BEGIN PROVIDED DATA
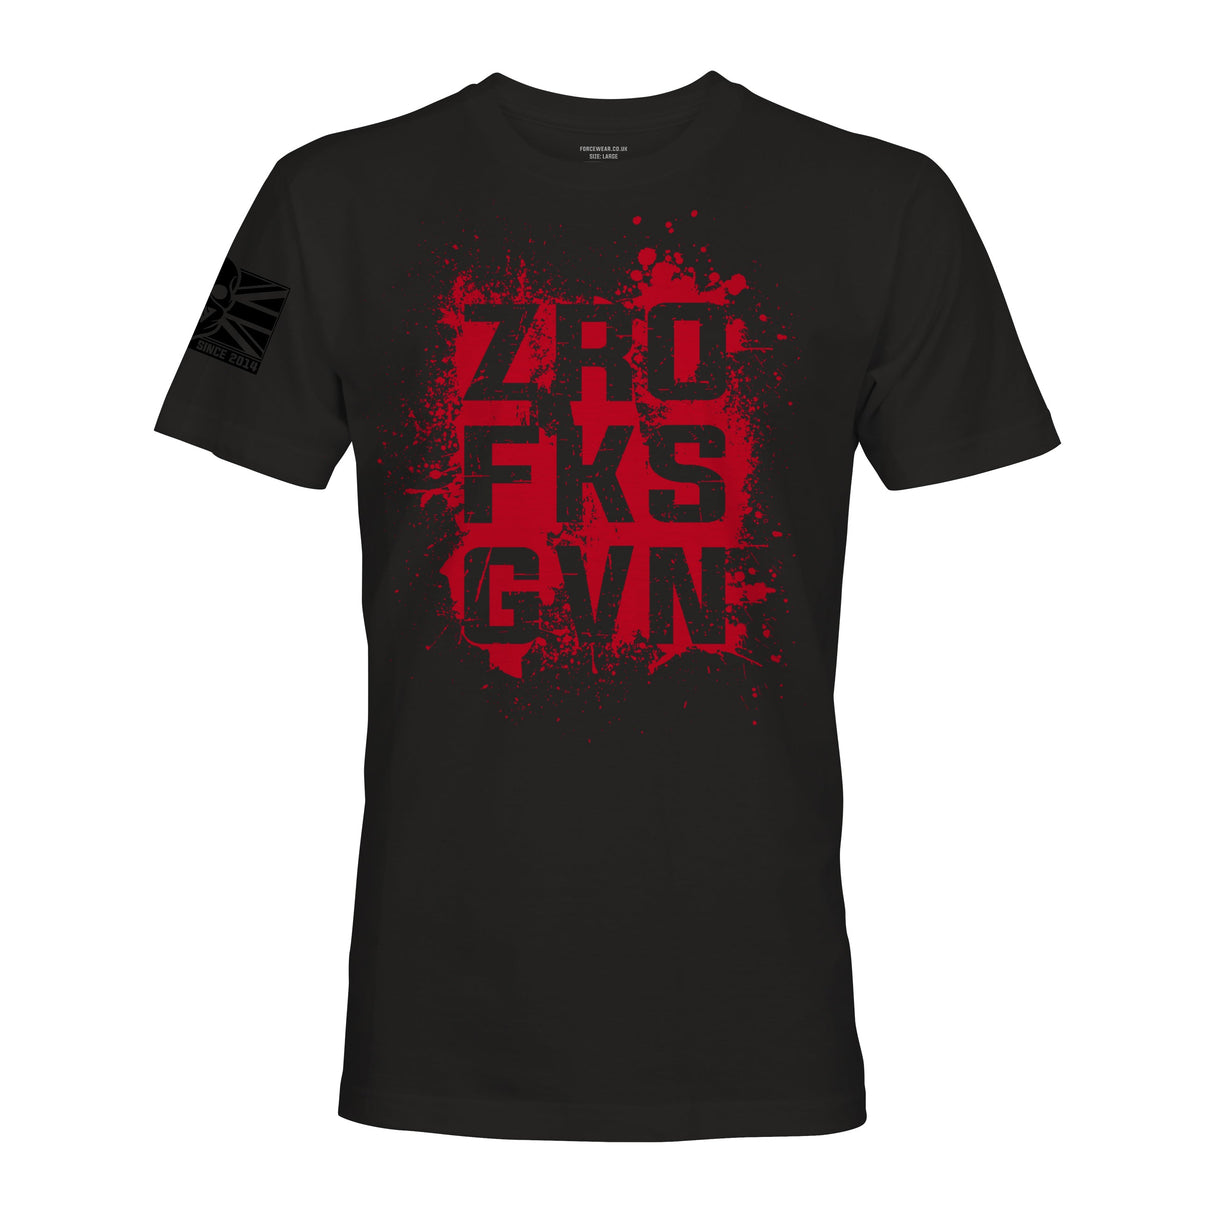 ZRO FKS GVN RED SPRAY - Force Wear HQ - T-SHIRTS
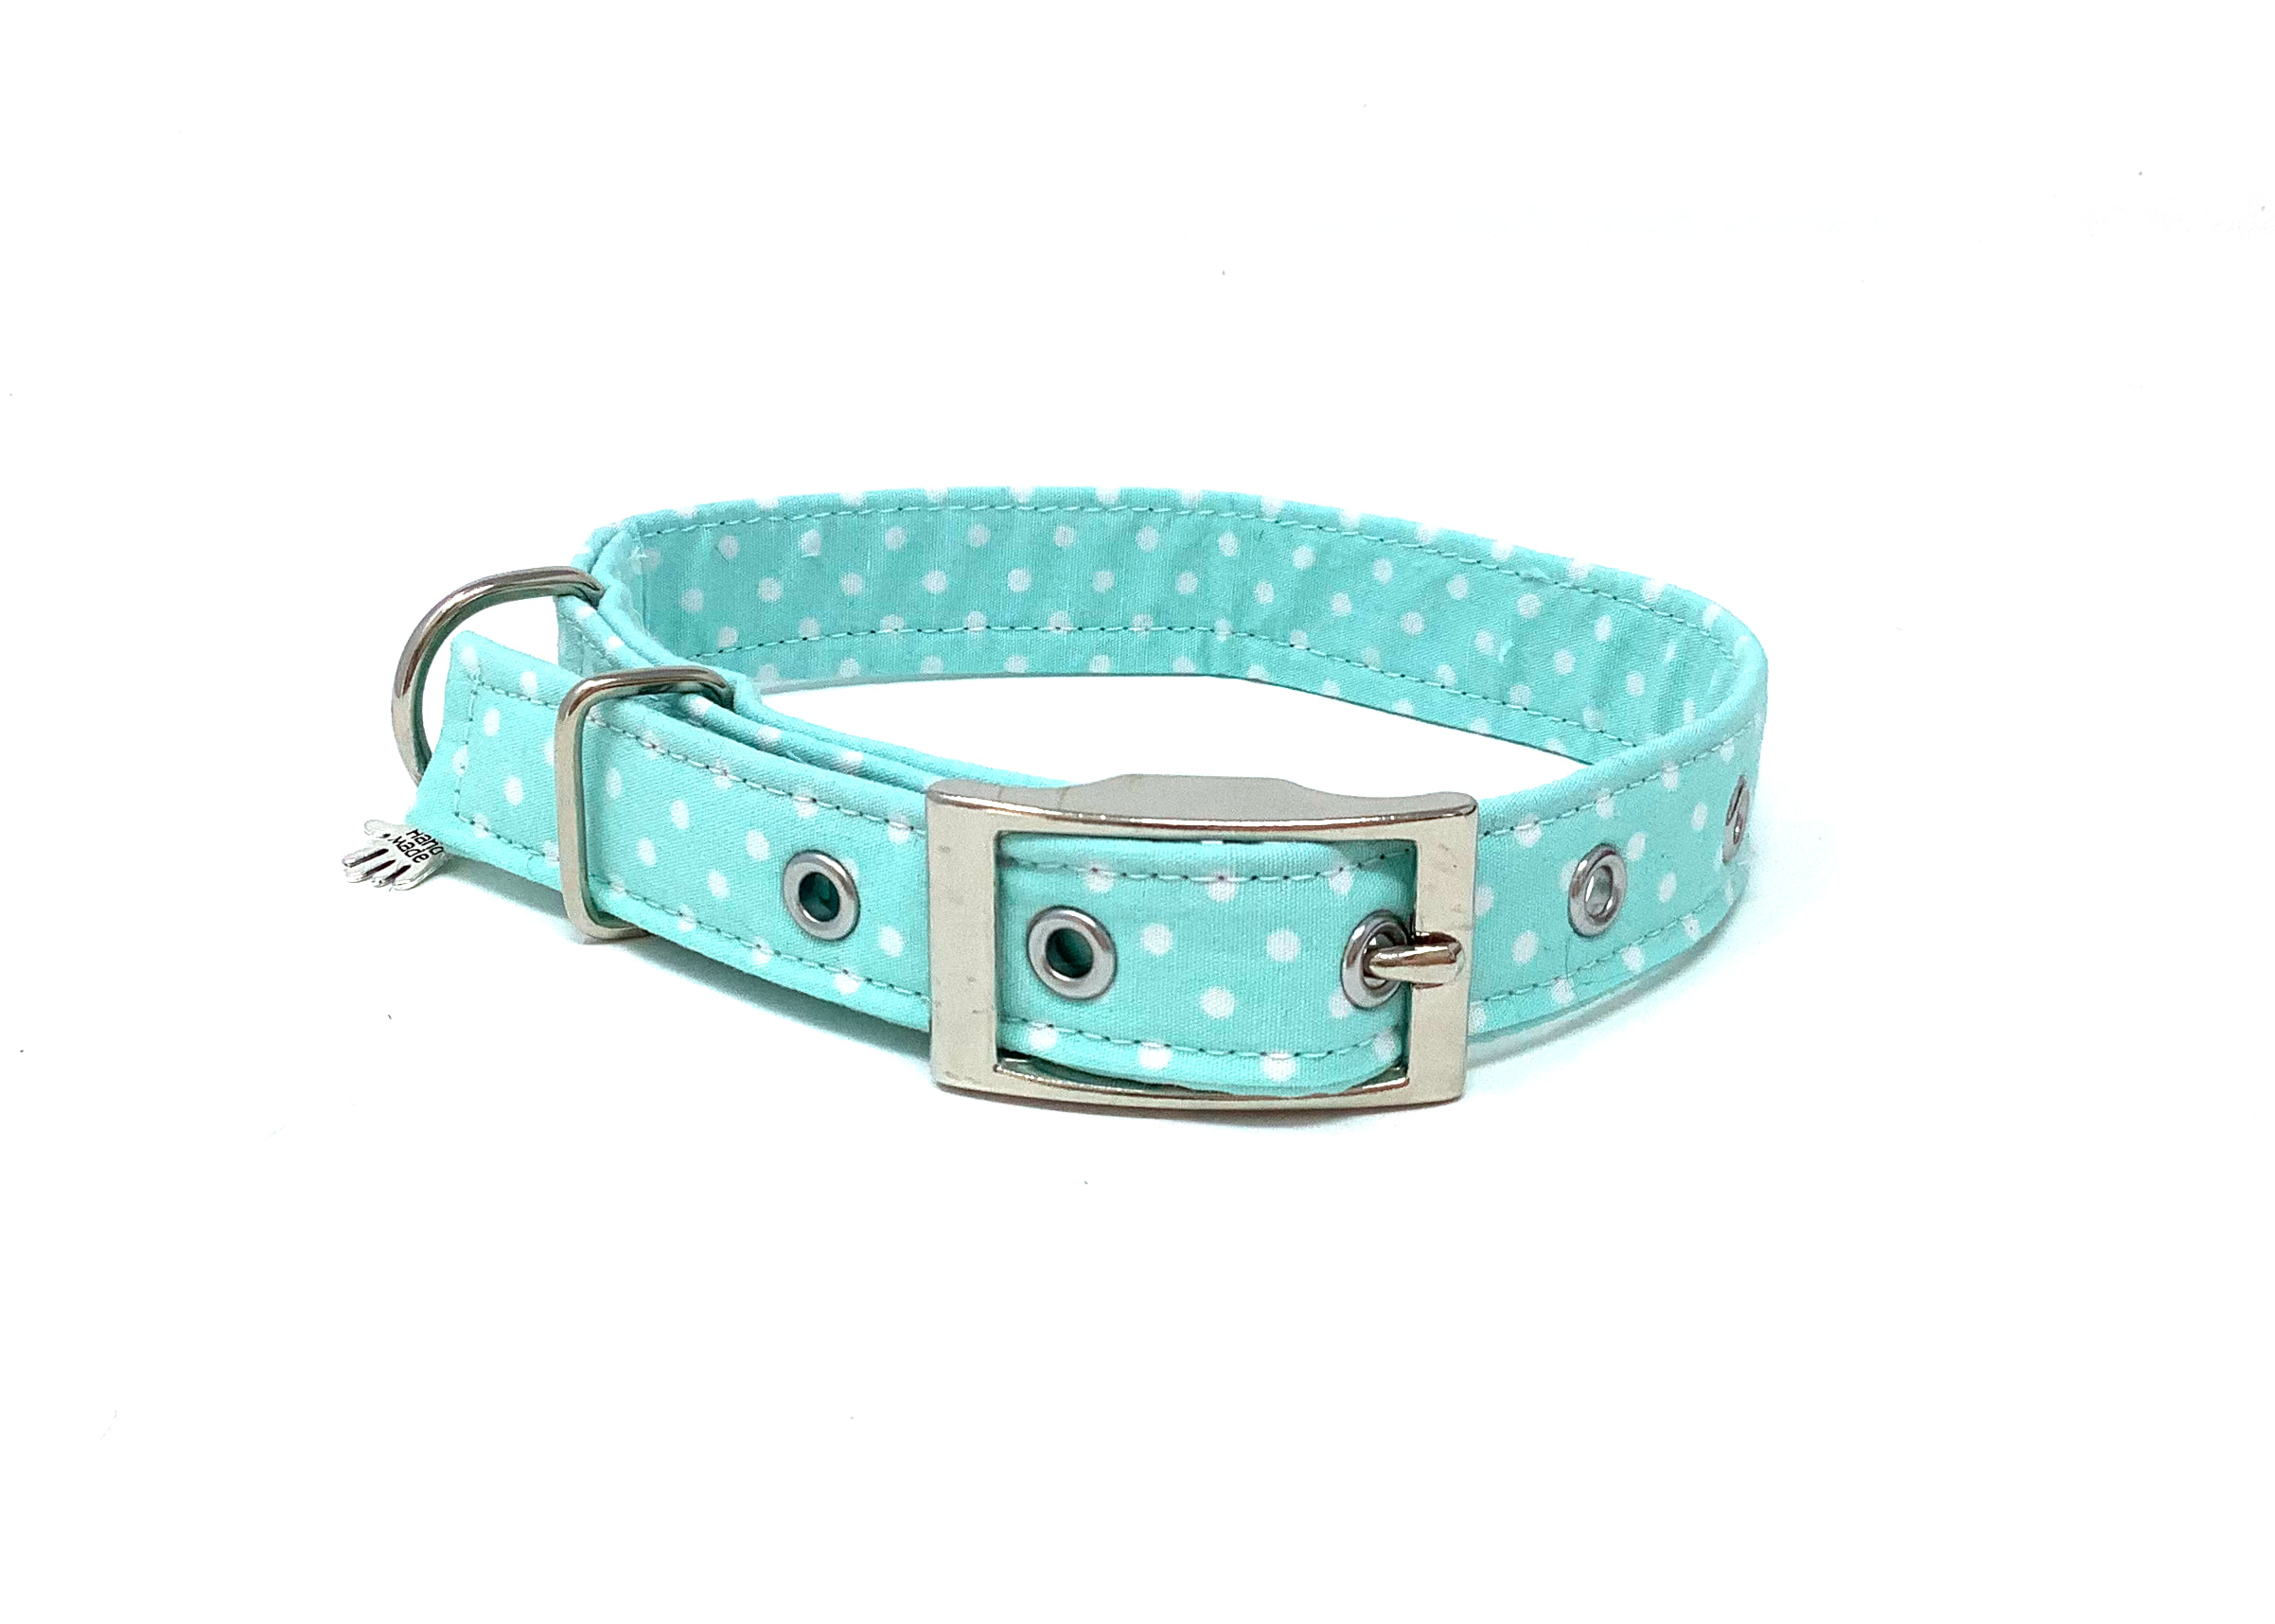 Polka Dot Dog Lead Size 0.375 x 60 Color Green Blue
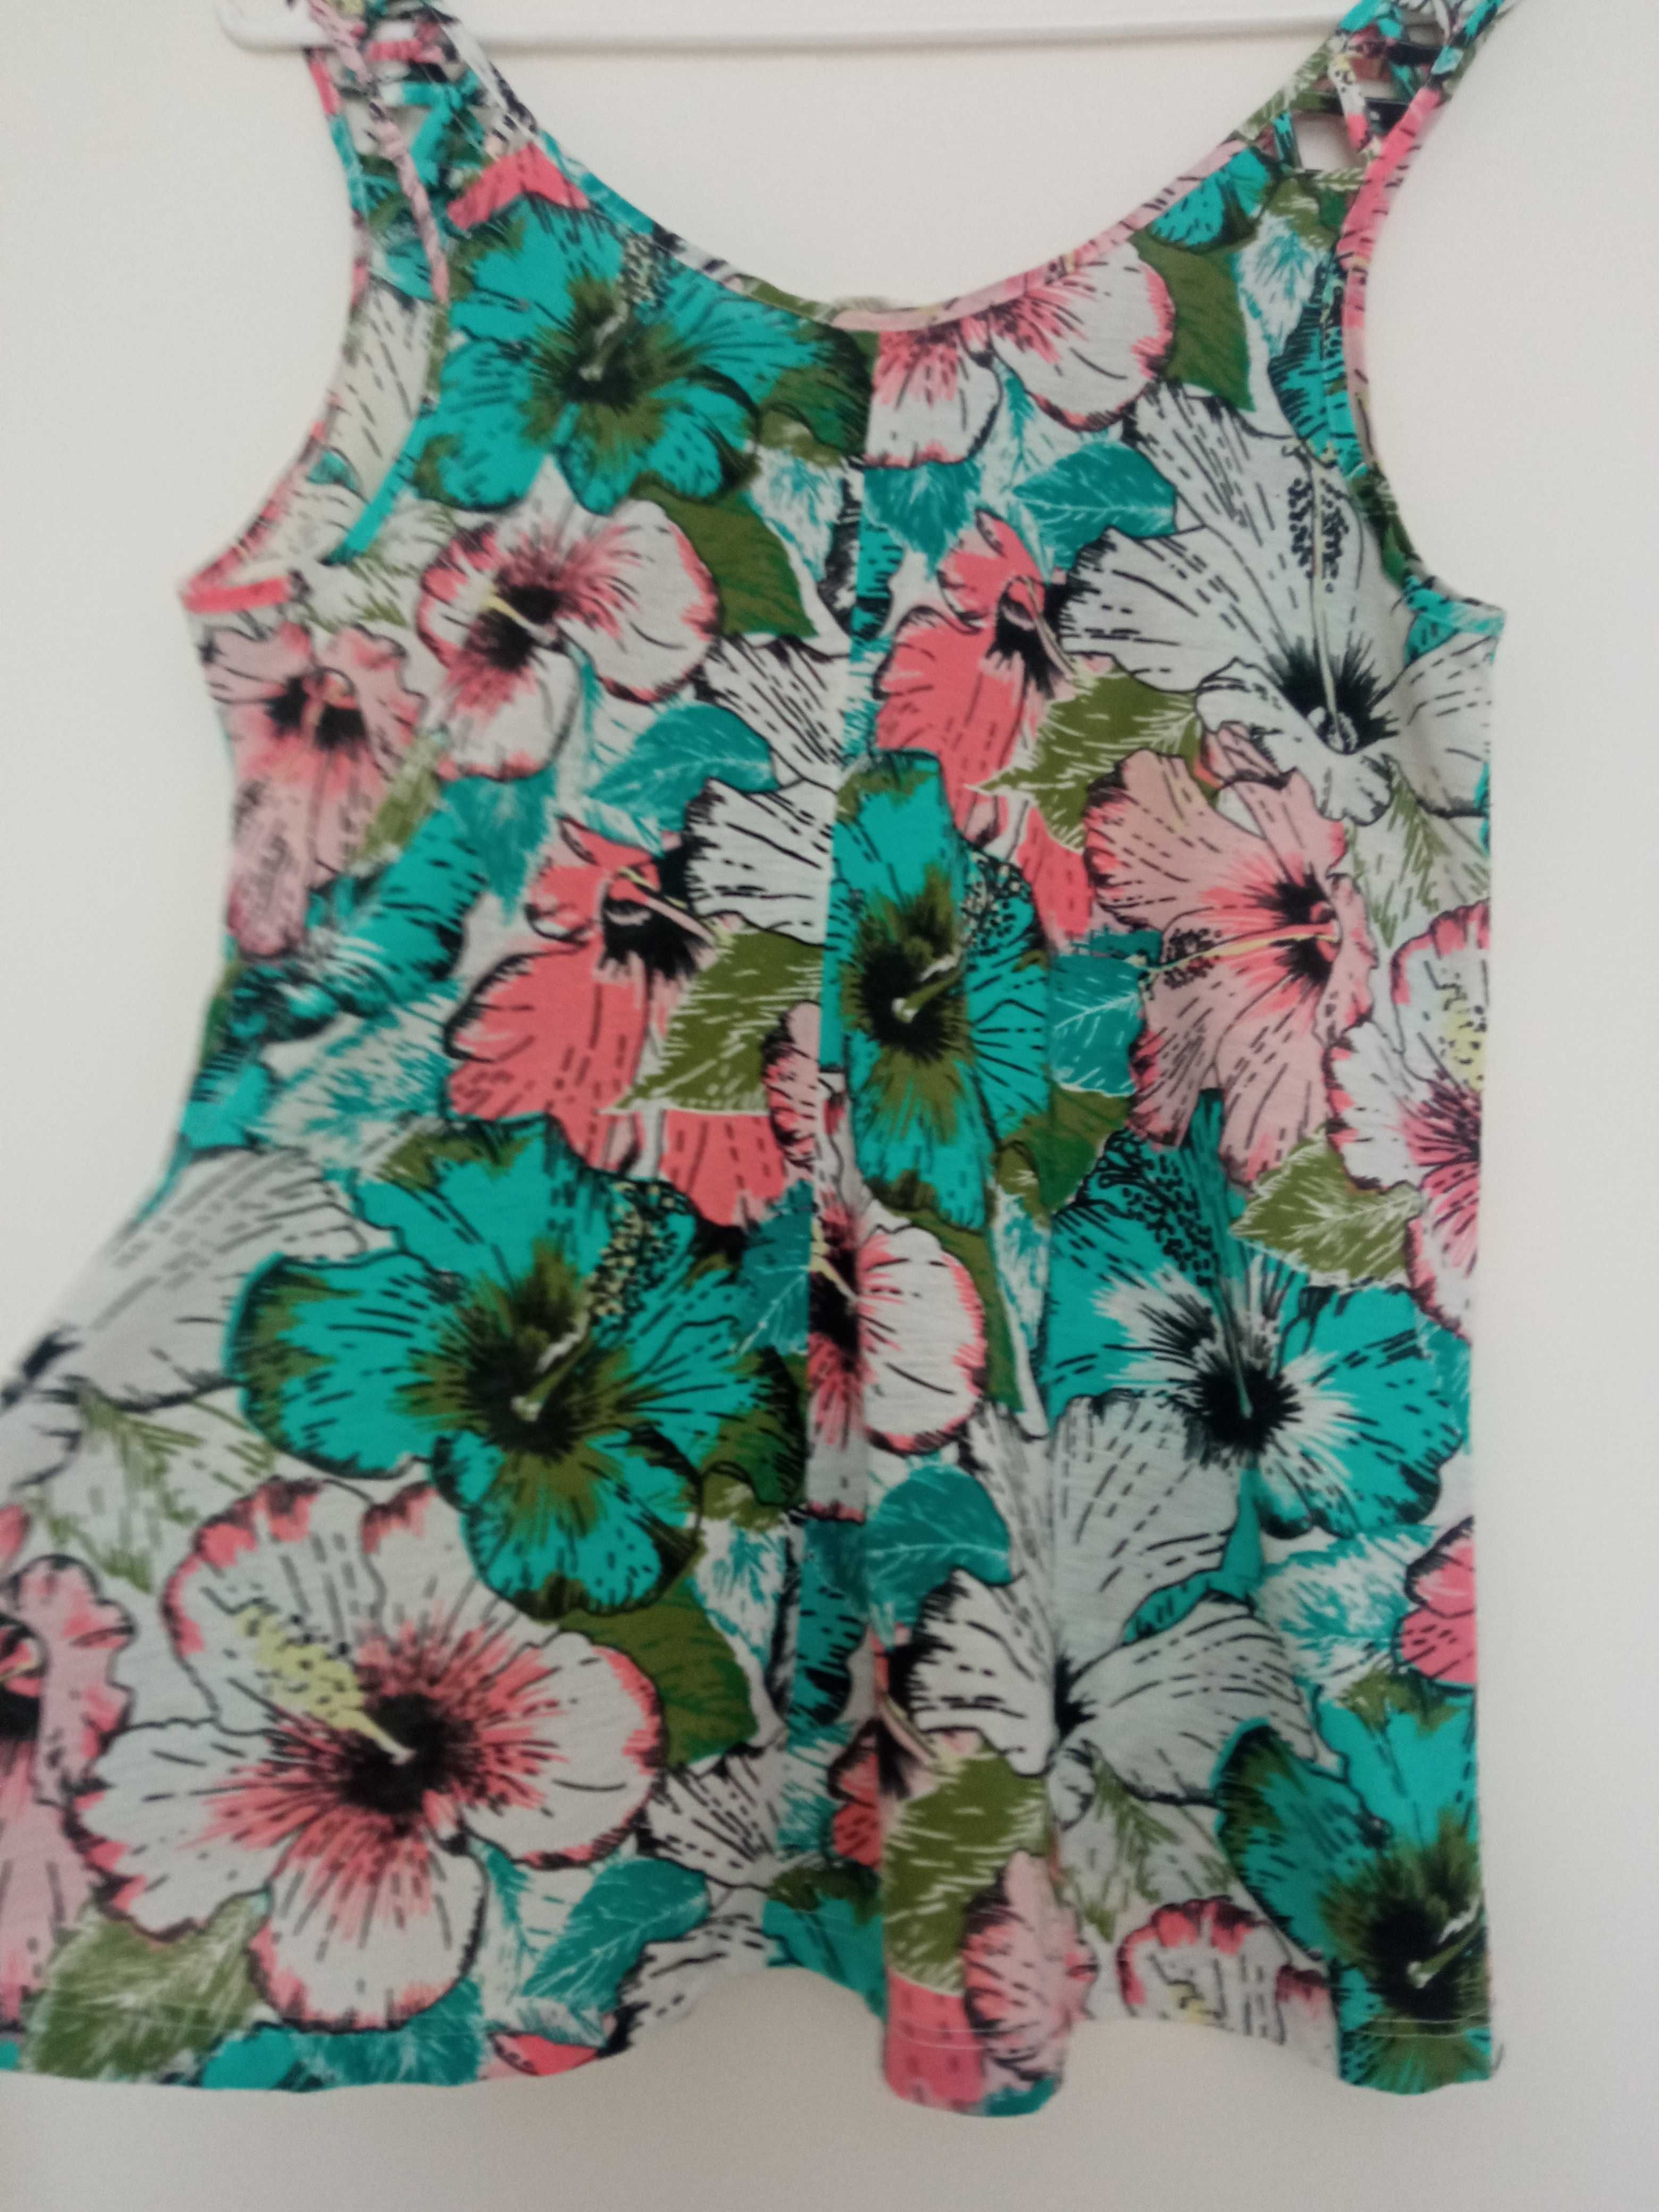 Bluzka letnia Top H&M S 36 kwiaty na ramiączkach na lato
END PROVIDED DATA
- _WORK REQUEST_
Reproduce precisely the lines of the listing above, from the line containing "Polka Dot Dog" to the last line, both ends included. Pictures are to be omitted.

- _SOLUTION TO THE EXERCISE_
 Polka Dot Dog Lead Size 0.375 x 60 Color Green Blue
 Bluzka letnia Top H&M S 36 kwiaty na ramiączkach na lato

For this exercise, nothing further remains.